The skill defines a layered medallion architecture (Bronze, Silver, Gold) and a canonical directory layout for pipelines, ML, resources, tests, and infrastructure. It includes Delta Lake configuration helpers, a lightweight data quality framework, job templates for Asset Bundles, and SQL views for operational monitoring.

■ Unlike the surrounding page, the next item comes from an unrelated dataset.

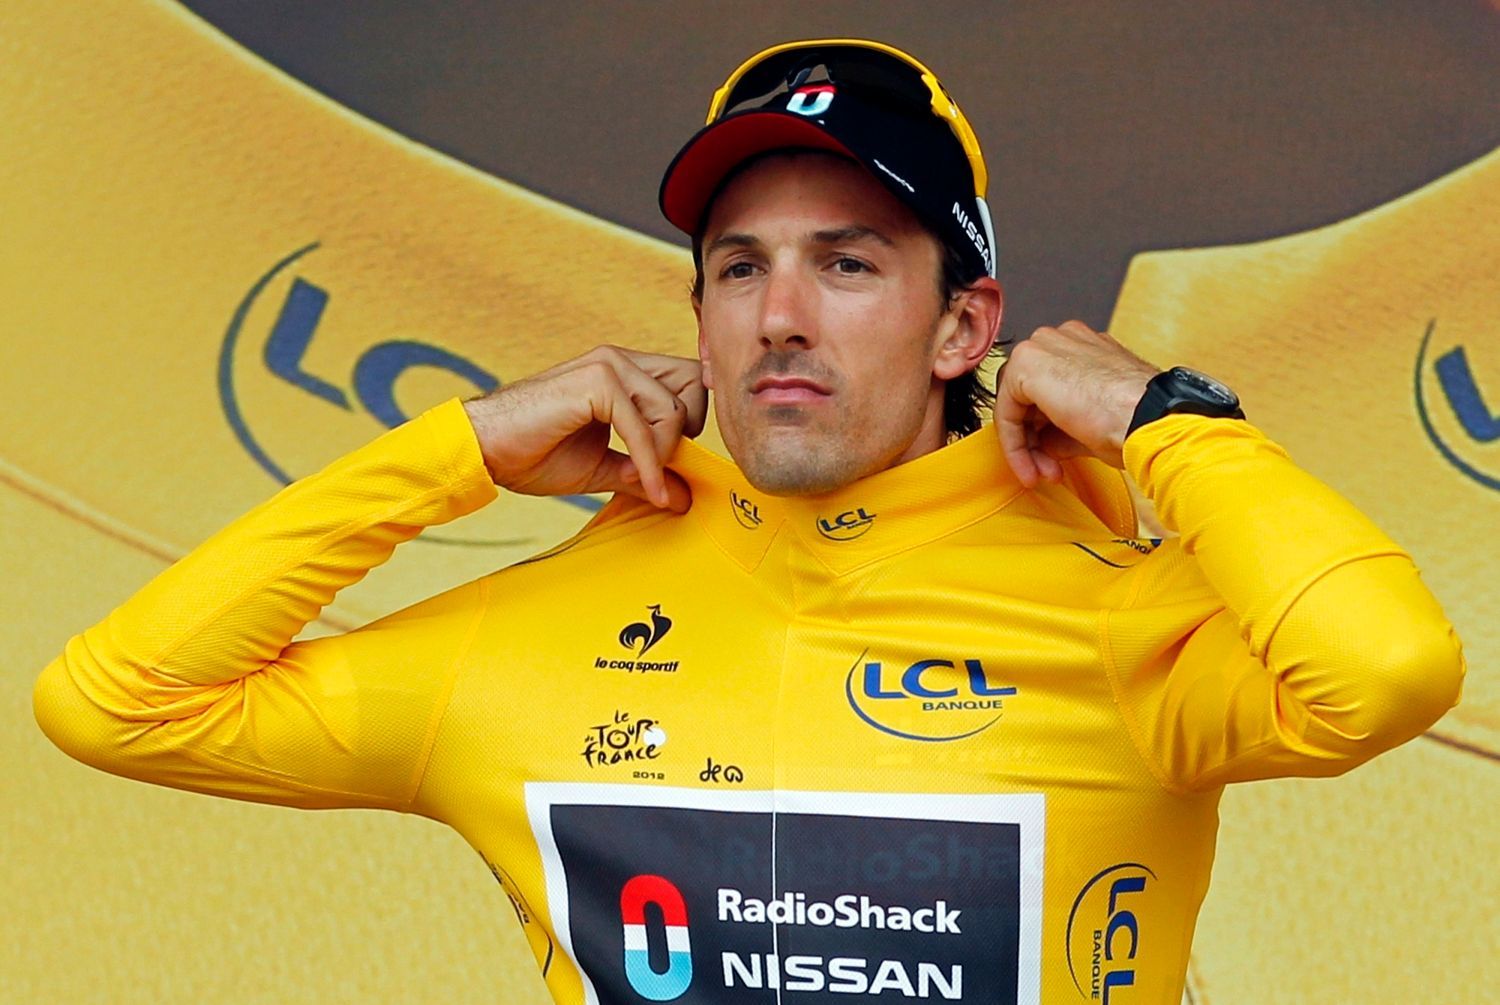 Švýcarský cyklista Fabian Cancellara si si po třech etapách drží prvenství v 99. Tour de France

You customize environment bundles and CI/CD workflows to deploy artifacts, register schemas in Unity Catalog, and run scheduled jobs.

When to use it

  • Designing a new Databricks data platform or pipeline project
  • Reviewing or standardizing architecture and repo structure
  • Bootstrapping CI/CD and multi-environment deployments for Databricks
  • Implementing Delta Lake defaults and data quality checks
  • Creating monitoring dashboards and job health tracking

Best practices

  • Adopt the medallion layers: keep raw, cleansed, and curated data separate
  • Use Unity Catalog schemas for environment isolation and governance
  • Centralize Delta table properties and retention in a single utility
  • Register and run quality checks at each layer; treat ERROR checks as blockers
  • Package reusable code as wheel artifacts consumed by job templates
  • Automate deployments with bundle-based CI/CD and environment overrides

Example use cases

  • Initialize a new Databricks repo with standard directories for pipelines, ML, tests, and infra
  • Create Bronze ingestion jobs using Auto Loader or DLT and apply Delta defaults
  • Integrate quality checks (not-null, uniqueness, range) into Silver transforms
  • Deploy scheduled ETL jobs via Asset Bundle templates and GitHub Actions
  • Build operational views for job health and data freshness to power dashboards

FAQ

Do I need Unity Catalog to use this architecture?

Unity Catalog is recommended for schema and governance separation, but the layout and Delta utilities can be adapted to work without it.

How are environment differences managed?

Environment-specific overrides live in bundle files (dev, staging, prod). CI/CD pipelines apply the appropriate bundle during deployment.